When someone says ‘Tucson’, what’s the first thing that comes to mind?
Sunsets? Biotech? Lack of a coherent, speedy means of driving across town?
When most people think of Tucson, they’re likely to think of cactus and maybe the rodeo. Cowboy hats and ropers, sure, but leotards and toe shoes? Not so much.
But Tucson is nothing if not a town of contradictions and unexpected surprises. We do indeed have high-tech living happily alongside the old and rustic – and cowboys peacefully existing amid a thriving arts and culture scene.
“Tucson is very artsy,” said Mary-Beth Cabana, founder of Ballet Arts and Ballet Tucson. “The symphony is here. Arizona Theatre Company is here. The opera used to be (based) here,” her passion for the arts evident in her voice. “There are more and more people here that see the value of a rich arts community.”
And Cabana knows a rich arts community when she sees one.
Before moving to Tucson, she was a teacher at Ballet Arts Carnegie Hall in New York City. Before that, she was a principal dancer with the Cleveland Ballet, Ballet Oklahoma and the San Diego Ballet. She made the move to sleepy little Tucson in 1984, when she was recruited as a principal dancer for Arizona Dance Theatre.
“Tucson was much smaller then,” she said, “but there was a burgeoning arts community.” Eventually, Arizona Dance Theatre – now known as Ballet Arizona – pulled up stakes and relocated about 100 miles up the road, a.k.a., Phoenix.
The director of the company offered Cabana a plum assignment: to be the principal teacher and run the school. But, like many Tucsonans facing relocation to the Valley of the Sun, she was hesitant. “I didn’t want to go,” she said. She had recently married and didn’t want to have a long-distance marriage. “I didn’t think that would be fair to my husband.”
So she stayed in town and weighed her options. What she did next was something more from the pages of a business school textbook than a playbill – she opened her own business.
“I was interested in teaching,” she said. “So I decided to start my own thing.”
That ‘thing’ was the Ballet Arts school, which has grown into something of an institution in Tucson in the 25 years since it opened. Ballet Arts offers serious students a rigorous course of study of classical ballet as well as other forms of dance. The school has produced world-class professional dancers who have performed in top-notch professional companies. Two former students are currently Radio City Rockettes.
Cabana herself became something of an icon, having been recently recognized at Lincoln Center for her contributions as a ballet instructor.
“I have no idea how they even found me,” she said, almost shrugging off the accolade. “But a lot of our former students have gone on to be professional dancers around the country. I’m guessing that’s where it came from.”

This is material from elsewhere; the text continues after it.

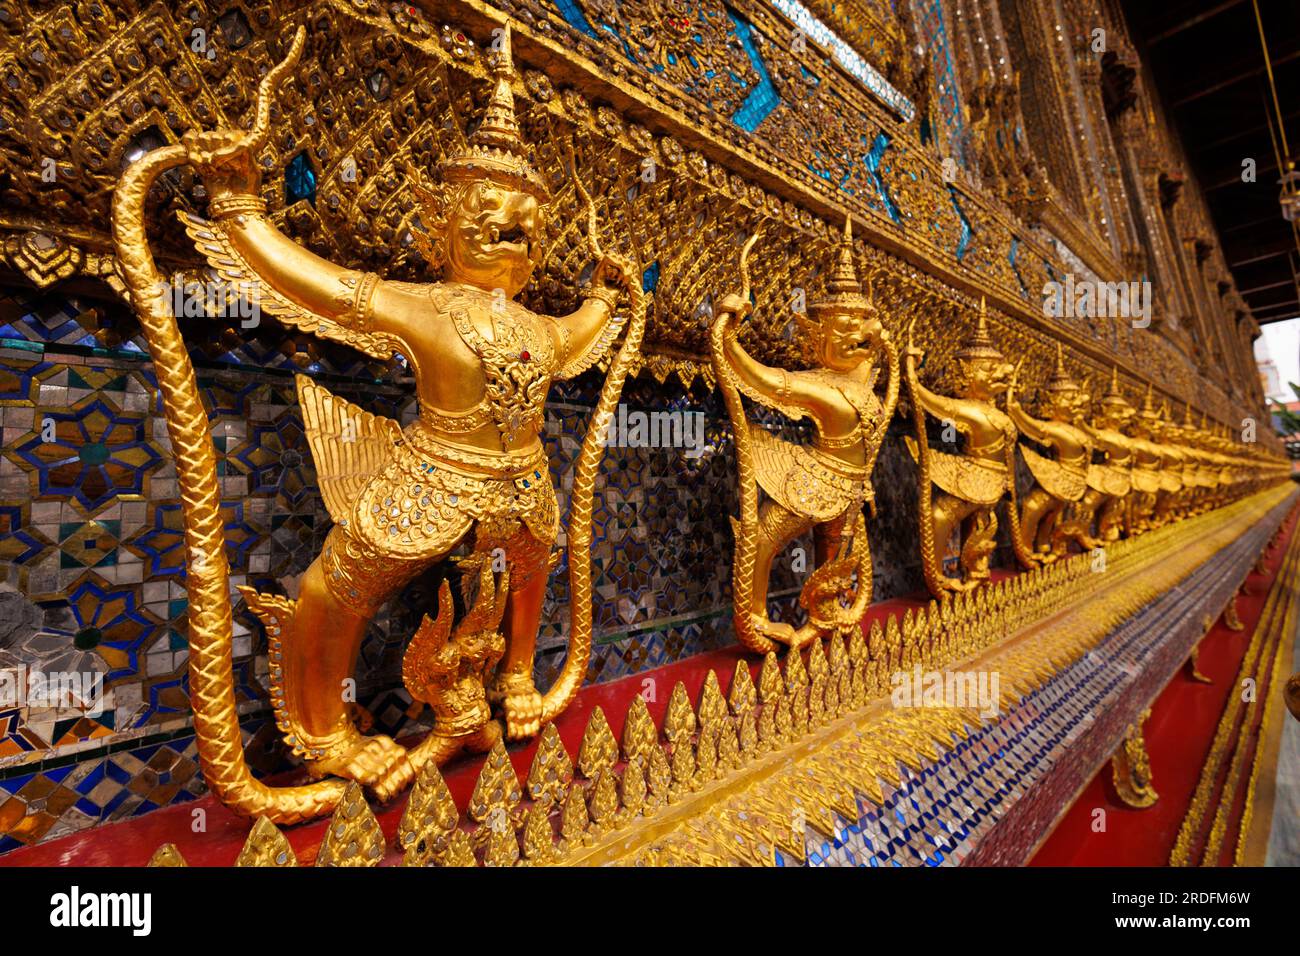 Golden figures of Garuda in the Grand Palace, Bangkok Thailand Stock Photo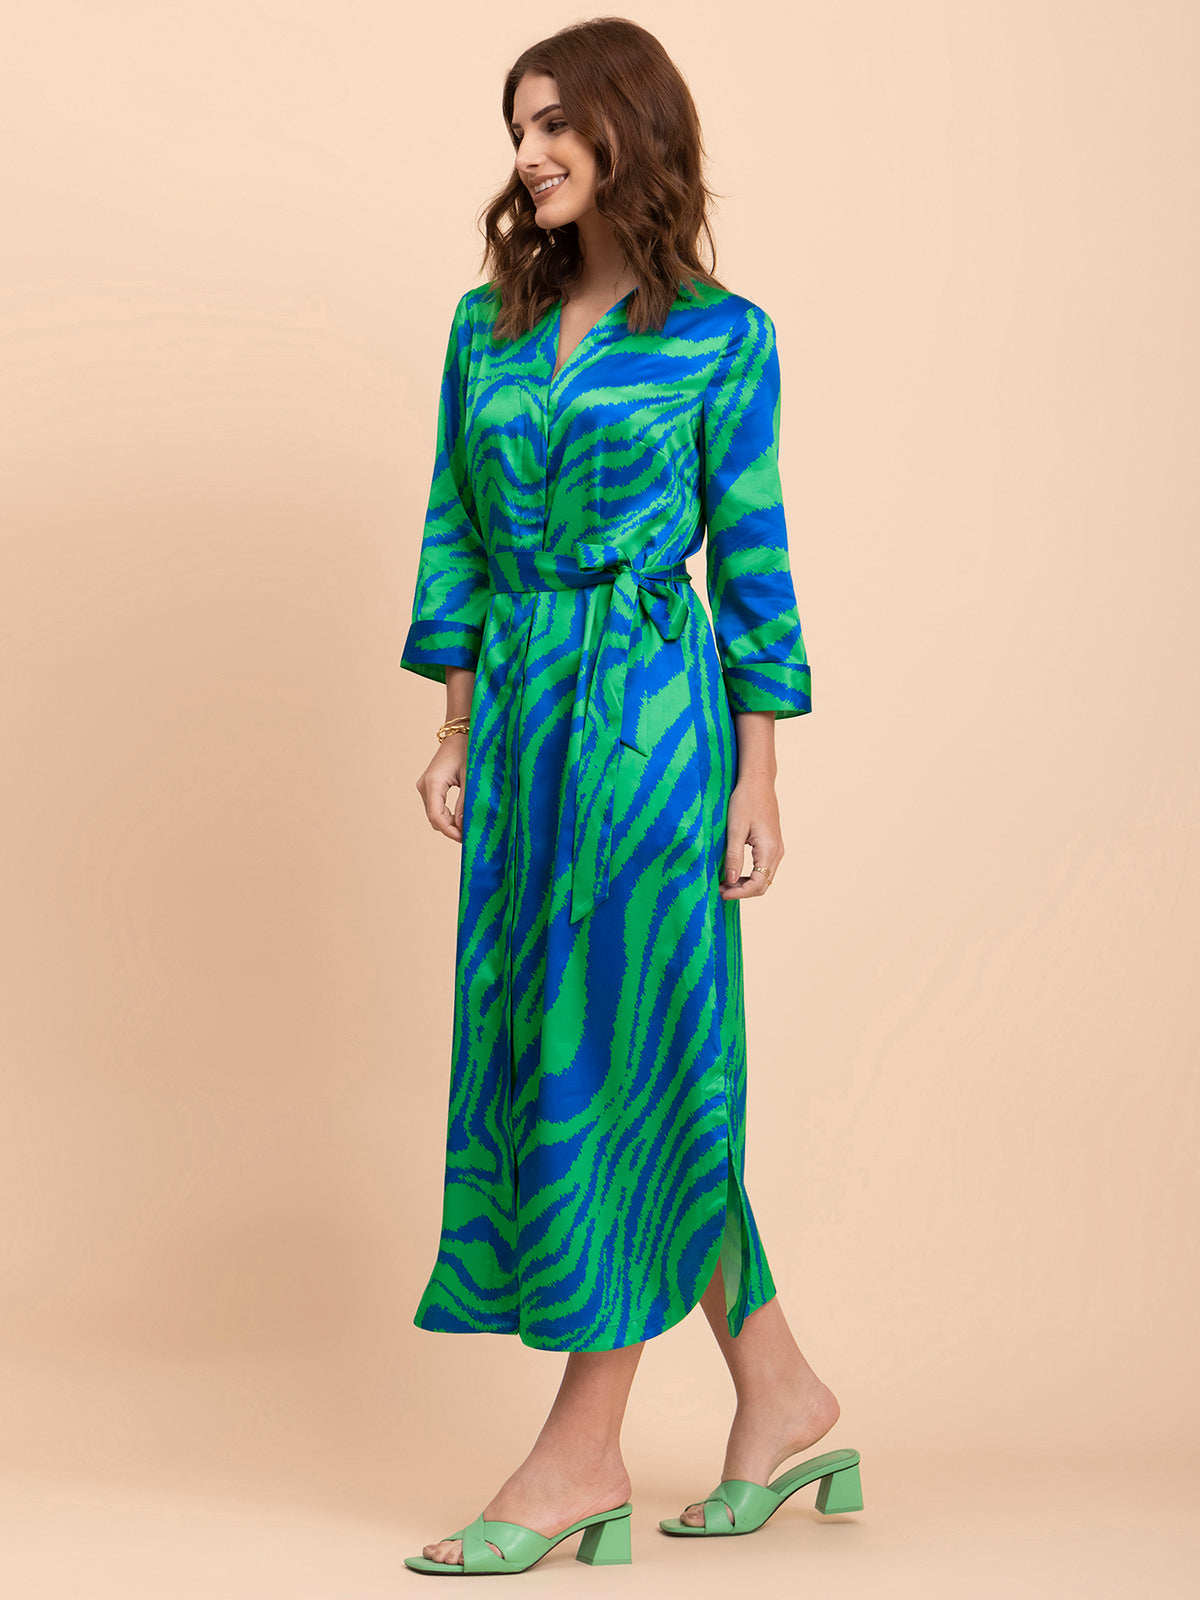 Satin Animal Print A-Line Dress - Royal Blue and Green

The school had humble beginnings more befitting of a dress shop or insurance office than a world-class ballet school.
“We were in a strip mall at Grant and Alvernon,” she said, recalling those early days. “It was a big space, but really long and narrow. Not so great for a dance school.”
Eventually the school grew and took on adjacent spaces in the strip mall. When plans were announced to raze the mall, Cabana had to find a new location.
Like most things in life, the move came at a really bad time – the middle of the school year. But, with the help of about a half dozen fathers of her students, the school was moved over the Christmas break. “They installed the floors and everything,” she recalled.
Cabana’s vision didn’t end with the Ballet Arts school. She wanted to do more to promote and nurture ballet in Southern Arizona. In 1986, she formed a not-for-profit organization with the hope of basing a professional ballet company in Tucson. It would be years before Ballet Tucson, the only professional dance company in Southern Arizona, was finally born.
Funded through ticket sales, corporate and private donations, as well as grants, Ballet Tucson is a company of classically trained, professional dancers. The dancers, recruited from all over the globe, are based in Tucson and have a 20-week contract with Ballet Tucson. Unlike big-name touring productions that come to town from time to time, Ballet Tucson is truly local – an organic part of the Old Pueblo.
While the downturn in the economy has affected both the school and Ballet Tucson, Cabana is looking ahead to the future. “As an artist, I remain optimistic. I have a lot of experience and I want to see what I can create,” she said. “I’m 53 and I have a lot of good years left. I just keep looking forward.”